Only CNAs involving one entire gene or contained within one gene or overlapping with more than 50% of one gene are reported.

Genes in bold: genes considered relevant for tumorigenesis or glucocorticoid production/effects. They include potential oncogenes and tumor suppressor genes, growth or transcription factors, cell differentiation markers, protein kinases (according to GSEA; see also Table W4), genes involved in steroidogenesis (underlined) or glucocorticoid regulation or in Wnt/β-catenin signaling.

Figure 2.

Figure 2

A representative example of a single gene (ephrin receptor 7 [EPHA7] at chr 6q16.1; entire length, 179,563 bp) affected by a recurrent SNP-detected microamplification. The heat map shows the intensity plots in each sample (defined with sample ID). Gains/amplifications are represented in red and losses/deletions in blue. The CN profile is shown for three altered cases (nos. 283A, 474A, 802A). The genomic browser wizard shows the altered regions (gains represented in red and losses in blue) according to the genomic segmentation (Partek GS). Minimal overlapping regions in at least 2 samples (MORs) are reported in the upper panel (length of the MOR, 14,544 bp).
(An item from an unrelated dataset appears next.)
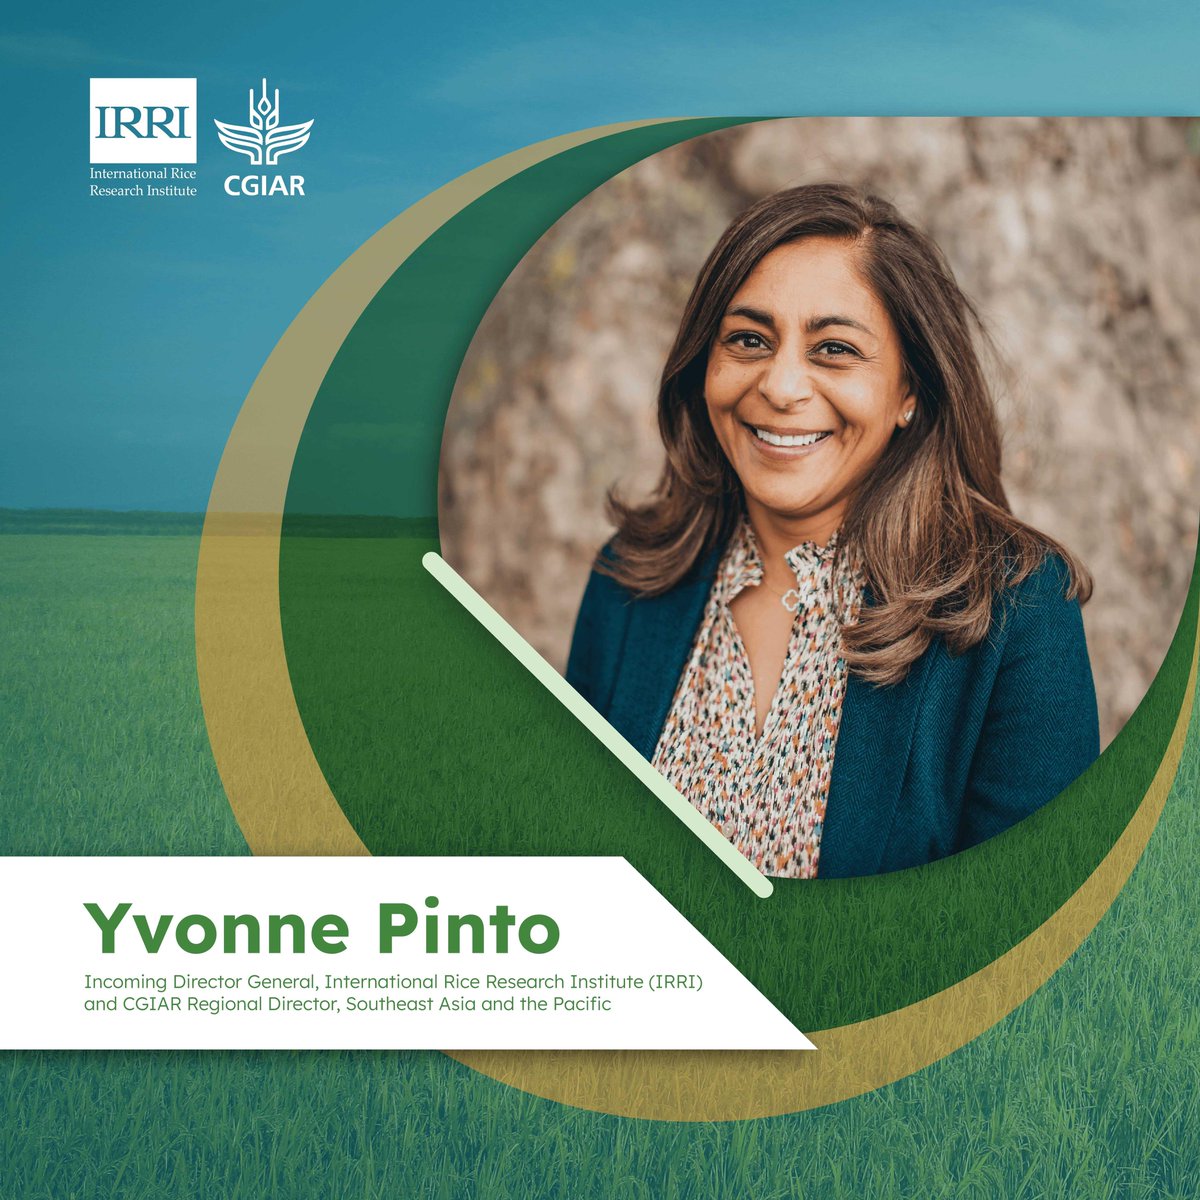 @IRRI is thrilled to announce the appointment of Dr. Yvonne Pinto as the institute's new Director General, effective 22 Apr 2024. Dr. Pinto makes IRRI history as its first female Director General. 🔗Read the full story here: bit.ly/DG-IRRI @CGIAR #OneCGIAR #RiceScience

The presence of the microdeletion at 6q23.2 (locus for SGK1) in sample 350 was confirmed also by FISH analysis showing a locus-specific loss for SGK1 in more than 80% of the cells (Figure 3). Because no paraffin block from the other tumor affected by a loss of SGK1 locus (no. 312A) was available, no confirmation by FISH was possible.

Figure 3.

Figure 3

Validation with FISH analysis of the CNAs detected with SNP array. Representative FISH-validated case with CN loss at the SGK1 locus (probe at 6q23.2) according to the SNP analysis (sample no. 350A): loss of the red signal (specific for the SGK1 probe) with respect to the green signal (centromere-specific reference probe) in more than 80% of cells. Arrows indicate the additional green signals, whereas red circles underline the red signals.

ACA Are Affected by cnLOH

We identified 23 LOH events in 12 regions on chr 1, 7, 9, 11, and 16, involving 5/15 adenomas. The median length of these alterations was 69,420 bp (range, 1,526–4,495,281 bp). None of the regions with LOH were also affected by a CN loss, suggesting that all the LOH occurred along with a gain of the remaining chromosomal copy. Specifically, three LOHs were associated with a gain (at 1q23.3 and 9q31.2), whereas 20 were cnLOH events (Table 4). cnLOH events were observed in 4 different adenomas (26.6%) and distributed on 11 chromosomal regions with a median size of 108,415 bp (range, 25,701–3,445,898 bp), 16q being the most frequently altered regions. Overall, 15 known genes were affected, including the potential tumor suppressor gene bromodomain containing 7 (BRD7) mapped at 16q12.1 (Table 4).

Table 4.

LOH Events Detected by High-resolution SNP Arrays in 15 Cortisol-Secreting ACAs.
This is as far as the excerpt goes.